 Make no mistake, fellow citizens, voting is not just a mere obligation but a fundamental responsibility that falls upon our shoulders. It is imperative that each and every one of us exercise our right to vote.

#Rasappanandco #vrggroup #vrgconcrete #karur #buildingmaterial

..........

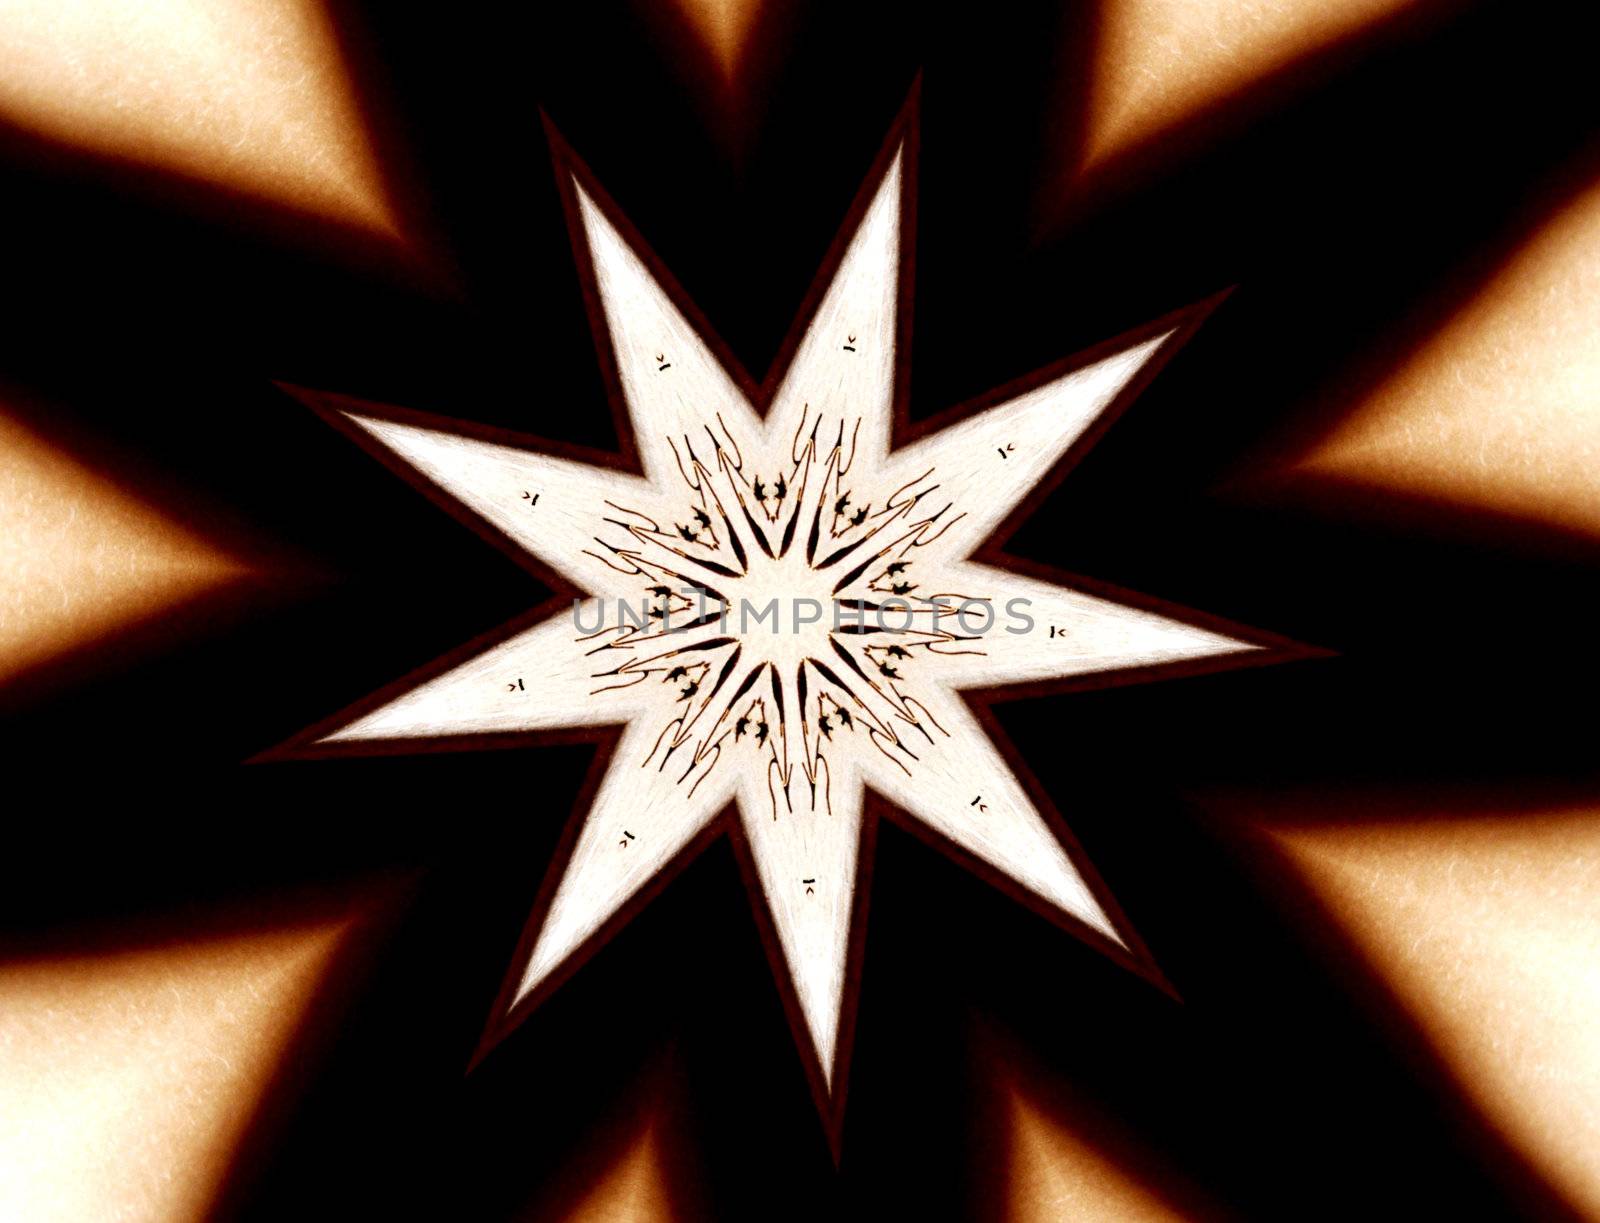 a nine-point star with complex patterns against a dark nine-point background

..........

• [WHAT IS EXPECTED]
An exact, complete copy of the lines above from the one with "Make no mistake, fellow" through the one with "#Rasappanandco #vrggroup #vrgconcrete" is the whole answer.

• [EXERCISE OUTPUT]
 Make no mistake, fellow citizens, voting is not just a mere obligation but a fundamental responsibility that falls upon our shoulders. It is imperative that each and every one of us exercise our right to vote.

#Rasappanandco #vrggroup #vrgconcrete #karur #buildingmaterial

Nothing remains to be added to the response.